DESCRIPTION OF SYMBOLS 1 Work feeding apparatus 2 Phase alignment apparatus 3 Work rotating apparatus 5 Chuck
12 Phase matching piece
15 cylinders
16 detector
18 Lower roller
27 Electric motor
33a Rack tooth profile
35 Rack shaft
36 racks

Claims (2)

A machining device for a shaft work (35) having a rack (36), which is a lathe of a hollow spindle having a chuck (5) at the tip, and machining the lathe through the hollow hole of the spindle by gripping the rear end of the work A workpiece feeding device (1) for feeding the workpiece into the area, and a workpiece rotating device (3) and a phase adjusting device (2) disposed between the workpiece feeding device and the lathe, and the workpiece rotation The apparatus includes a friction body (18) that rotates the workpiece around an axis, an electric motor (27) that rotates the friction body when the workpiece is supplied, and stops the detection by a detection signal of the detector (16) below, and the friction A phase adjusting piece (12) that is elastically pressed against the peripheral surface of the work that is rotationally driven by the work rotating device, and the phase adjusting piece.

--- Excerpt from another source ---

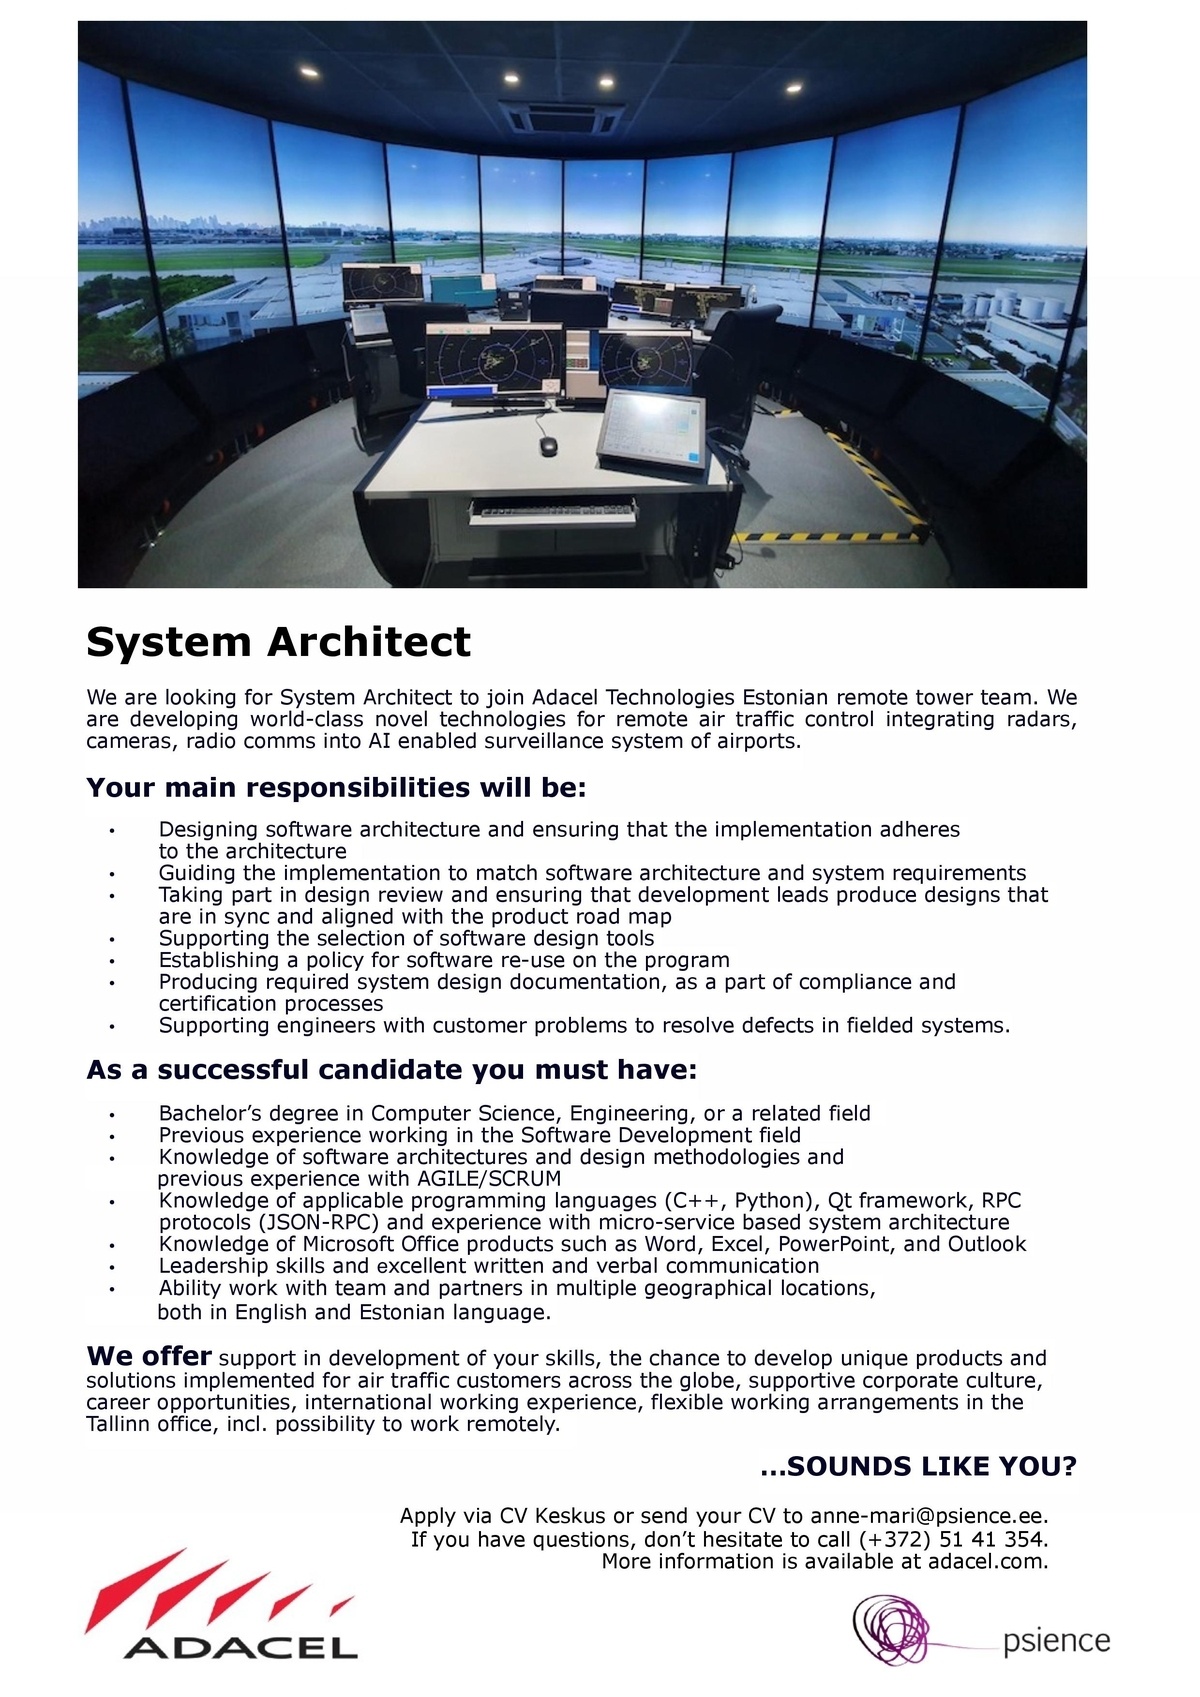 Adacel Technologies Estonia System Architect
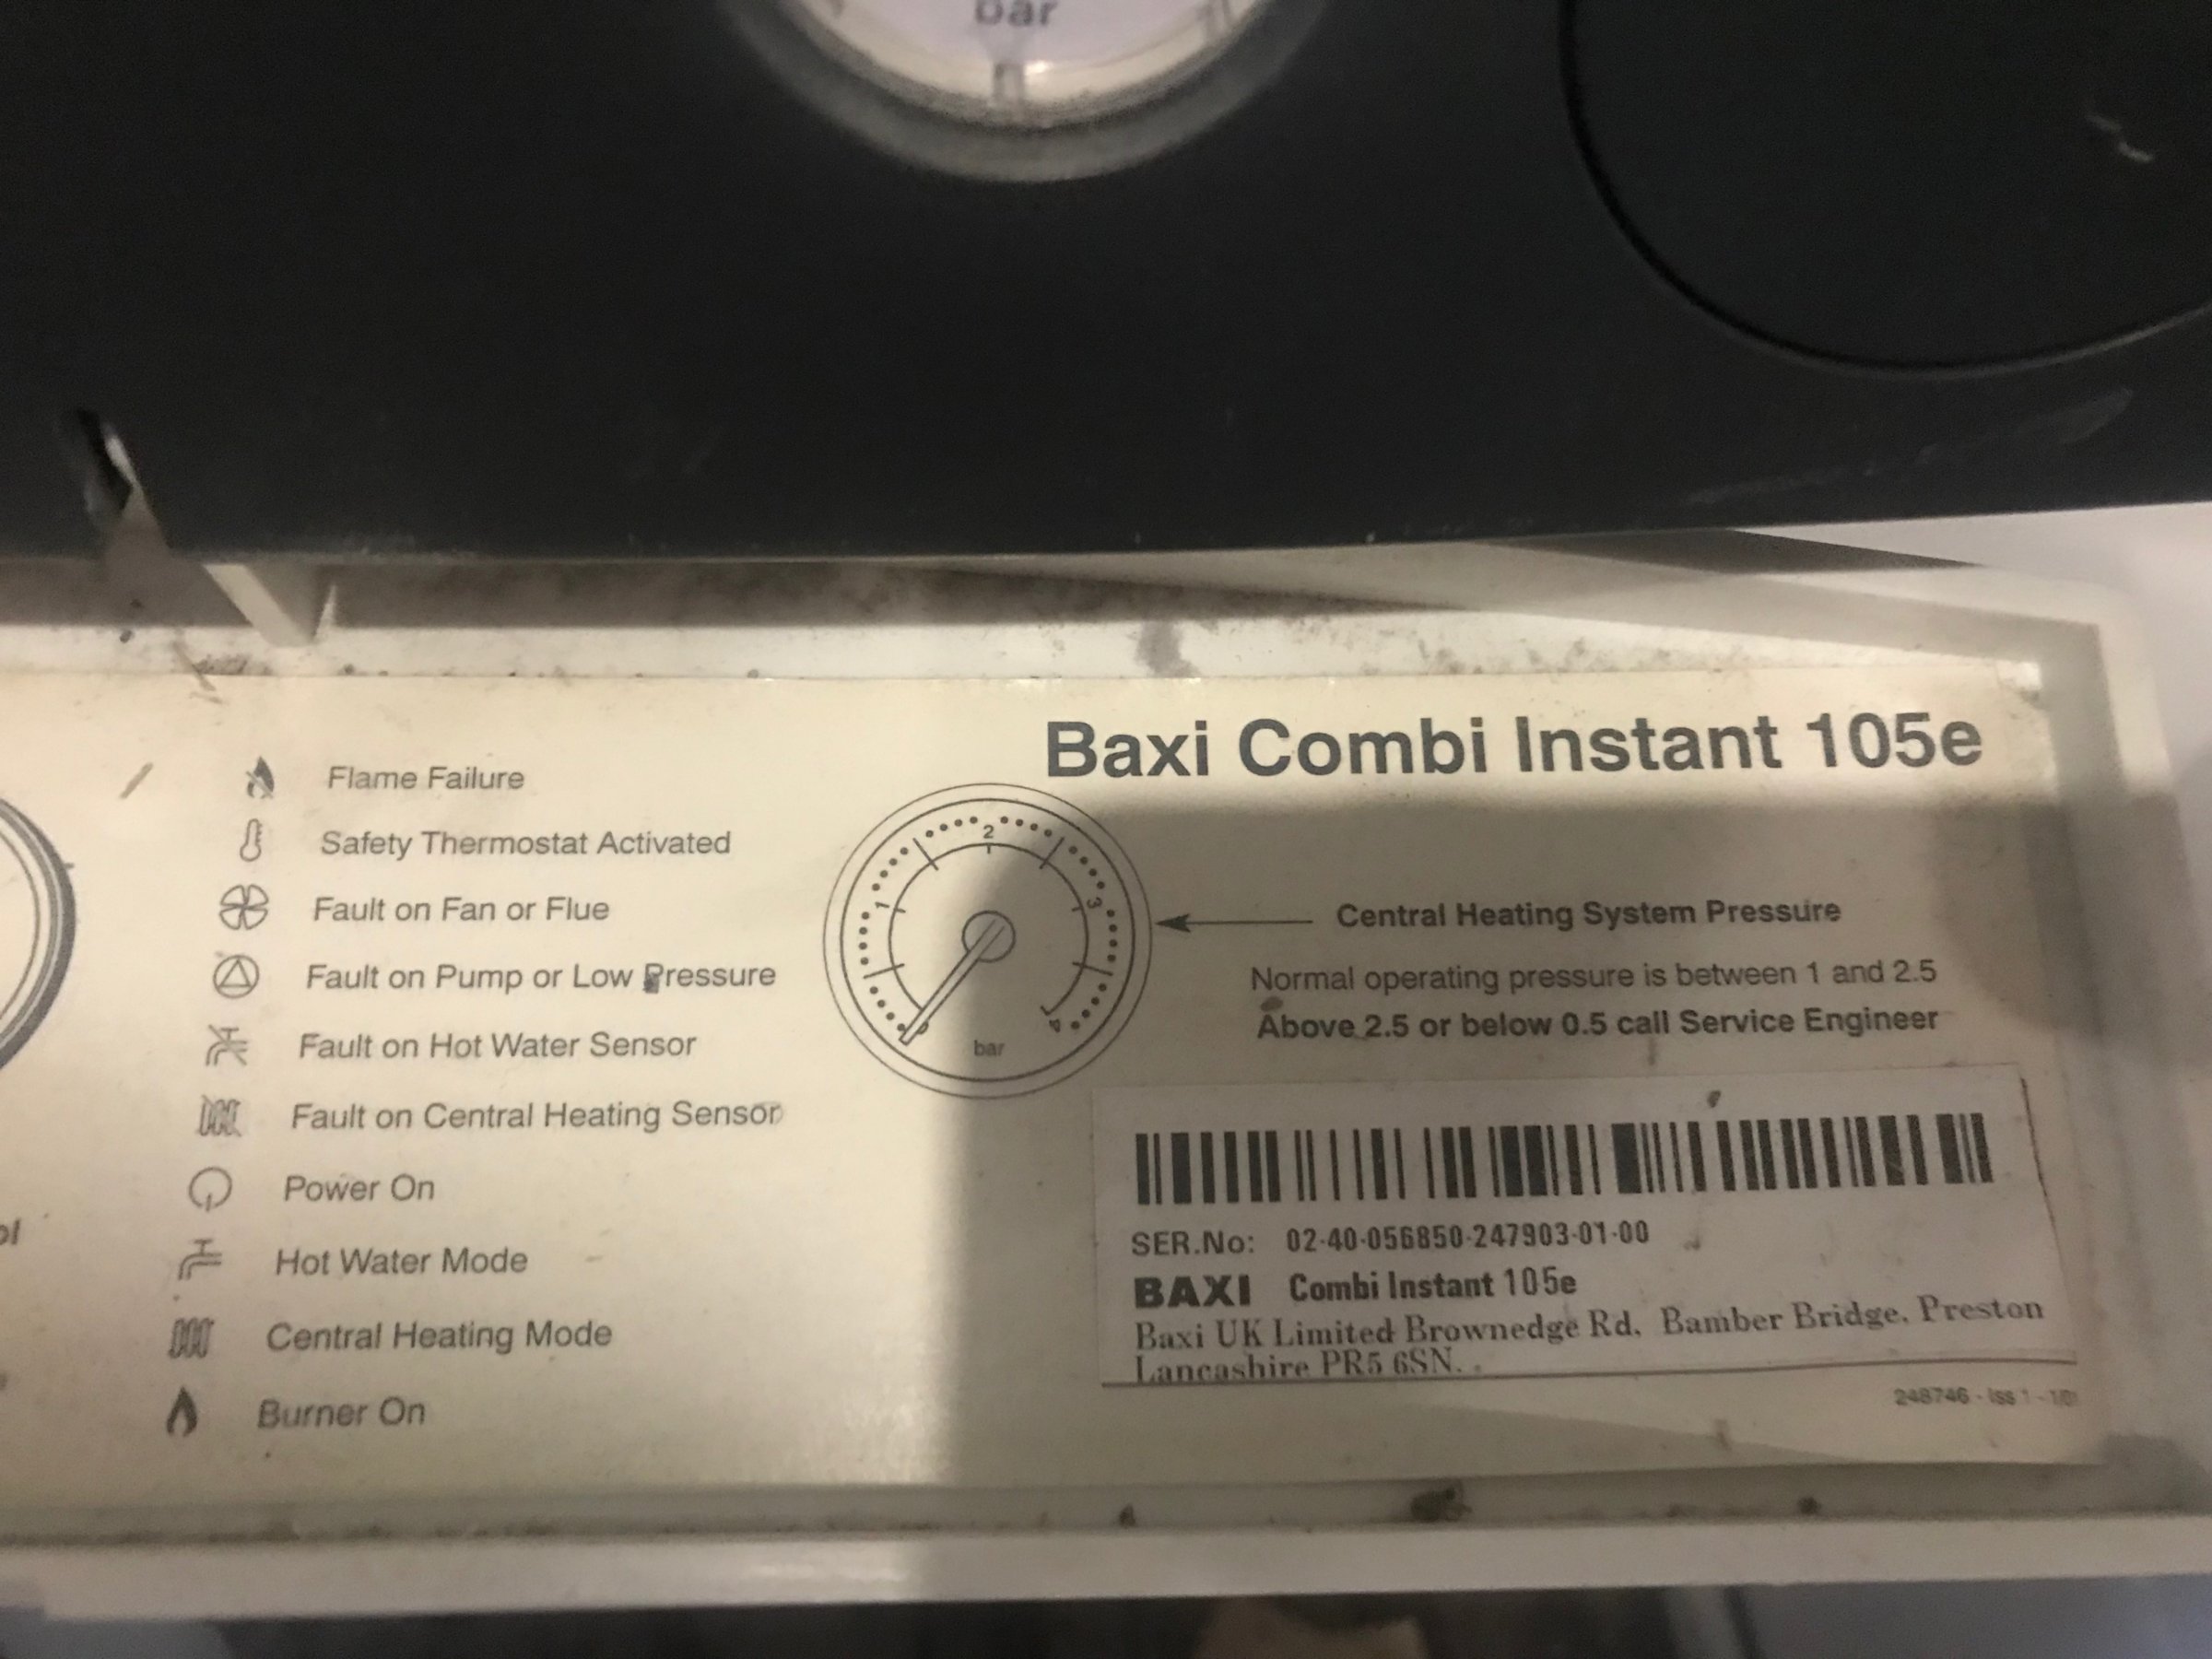 Baxi Boiler

Advancing / retreating device (15) and a detector (16) for detecting a predetermined advancing end of the phase matching piece And the chuck (5) of the lathe includes a gripping claw (30) having a rack tooth shape (33a) formed at the gripping end. The gripping claw (30) includes an outer peripheral gripping portion (30a) that grips the outer peripheral surface of the workpiece together with the rack tooth profile (33a) at the grip end, and the outer peripheral gripping portion of the rack tooth profile is in contact with the outer peripheral surface of the workpiece. 2. The rack shaft machining apparatus according to claim 1, wherein the rack shaft machining device is formed in a shape that sometimes leaves a gap of an allowable dimensional difference between the tooth surface of the work rack (36).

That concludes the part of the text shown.